RE: Street Epistemology - Practice
January 22, 2018 at 9:51 pm
(This post was last modified: January 22, 2018 at 9:54 pm by curiosne.)
(January 22, 2018 at 9:13 pm)RoadRunner79 Wrote:3) The Matthew, Luke and John gospels do not mention names of their authors in the actual writing. I am sure this is actually a fact which is not in dispute by the clergy.(January 22, 2018 at 9:00 pm)curiosne Wrote: 3) From what I've read (wikipeadia, Bart Earlman Blog, Quora, etc), the gospels of Matthew, Luke and John are anonymous writings with the names being given the them as a Christian tradition. The identity of authorship for the Gospel of Mark is though being debated still. Would you agree with this?

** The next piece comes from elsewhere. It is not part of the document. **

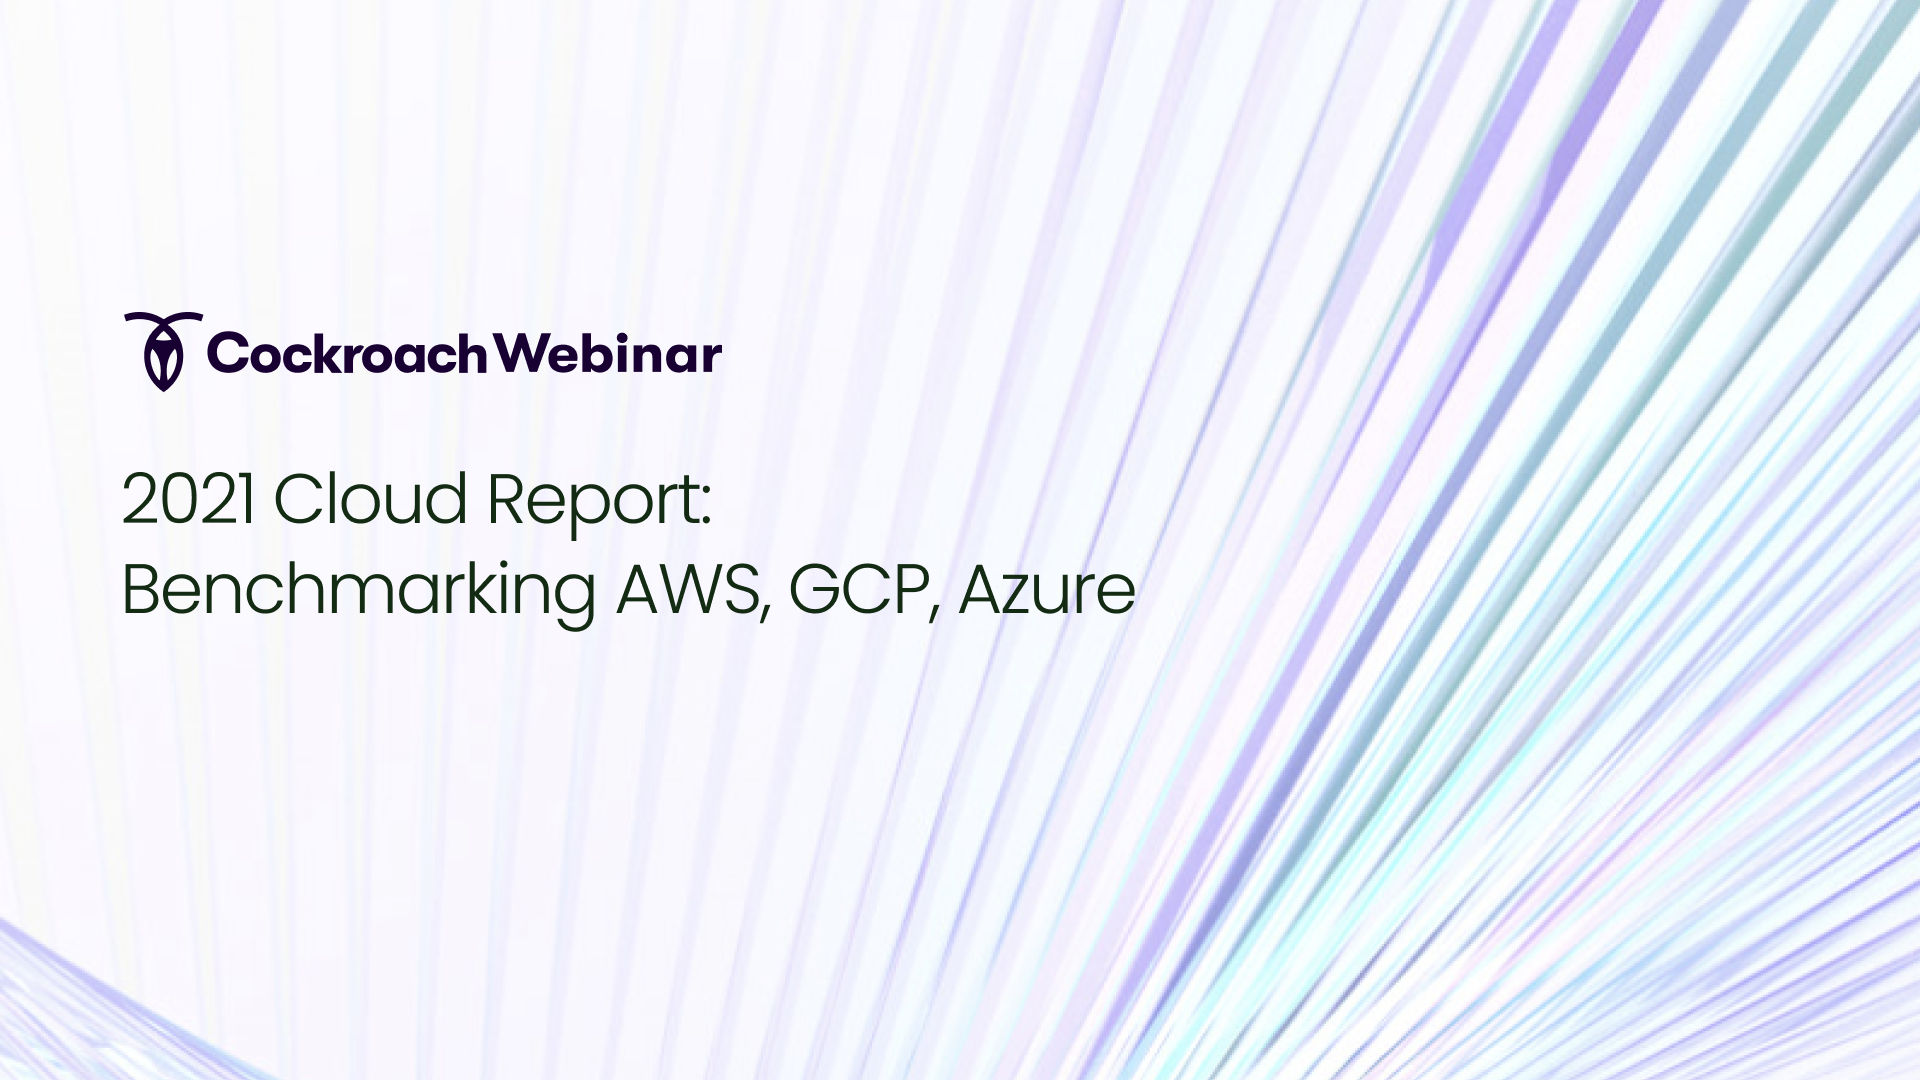 2021 Cloud Report: Benchmarking AWS, GCP, Azure

4) But again, if your evidence does not speak towards its truth, should it be discussed at all? I can also give several examples where people were influenced by religious leaders drastically changed people's lives. I'm an ex-Buddhist so Buddha comes to mind where he has also influenced several kings and nobles.

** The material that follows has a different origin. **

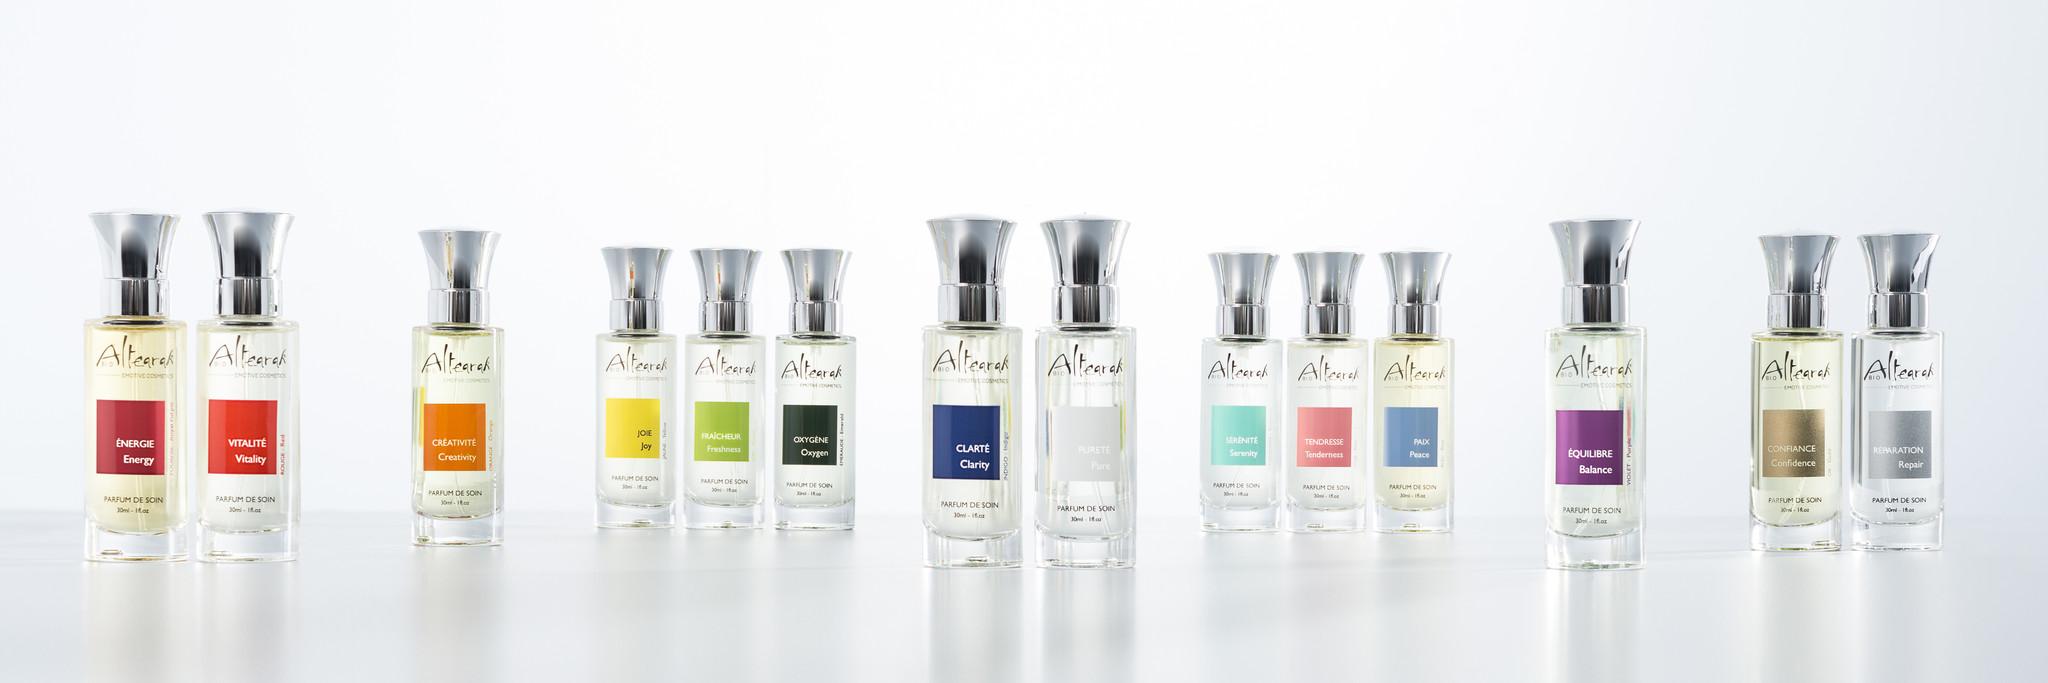 Altearah Parfum de Soin schoonheidssalon beauty4people nuenen

5) This point needs more research from my end. I'll get back to you on it.
3.) No I wouldn't..... and I would ask how they came to the conclusion that they where anonymous. The only reasons I heard are not very good, while all the information for these books seem to point to the traditional authors without dispute to anyone else.
4.) If it gives us reason towards a belief, then doesn't that mean that it speaks towards the truth? It doesn't have to get you to 100% to your destination, but getting you a little further down the road is still helpful.
I believe I asked before; do you think that you need 100% certainty in order to know (or have justified belief)? Do you believe that others can testify to their knowledge, and thus you gain knowledge that you did not personally experience?
4) Speaking from a completely objective view, no. Reasons could have unfounded claims. The claims here are what should be analysed and any influence the claims have on your belief need to be discarded until the claims are proved true. It is unhelpful that the claims should sway your opinion as then you will most likely become unbiased in your assessment of the truthfulness of the underlying the claim.
I think I've answered this one (not sure) but I don't need 100% certainty to believe in something just sufficient evidence to get me to a high confidence level.
Let's talk about the principle that we agreed earlier:
- There is a positive correlation between the quantity/quality of evidence for a claim where you have low confidence of it's truth
- All the available evidence I can find will get me towards a certain confidence level on how much I believe the claim in question.
If I have low confidence of the truth of something then just someone's testimony would not get me to a high confidence level, no matter how much that person believes what they are saying is true, Eg I would not accept testimony of truth from an alien abductee as sufficient evidence, would you?.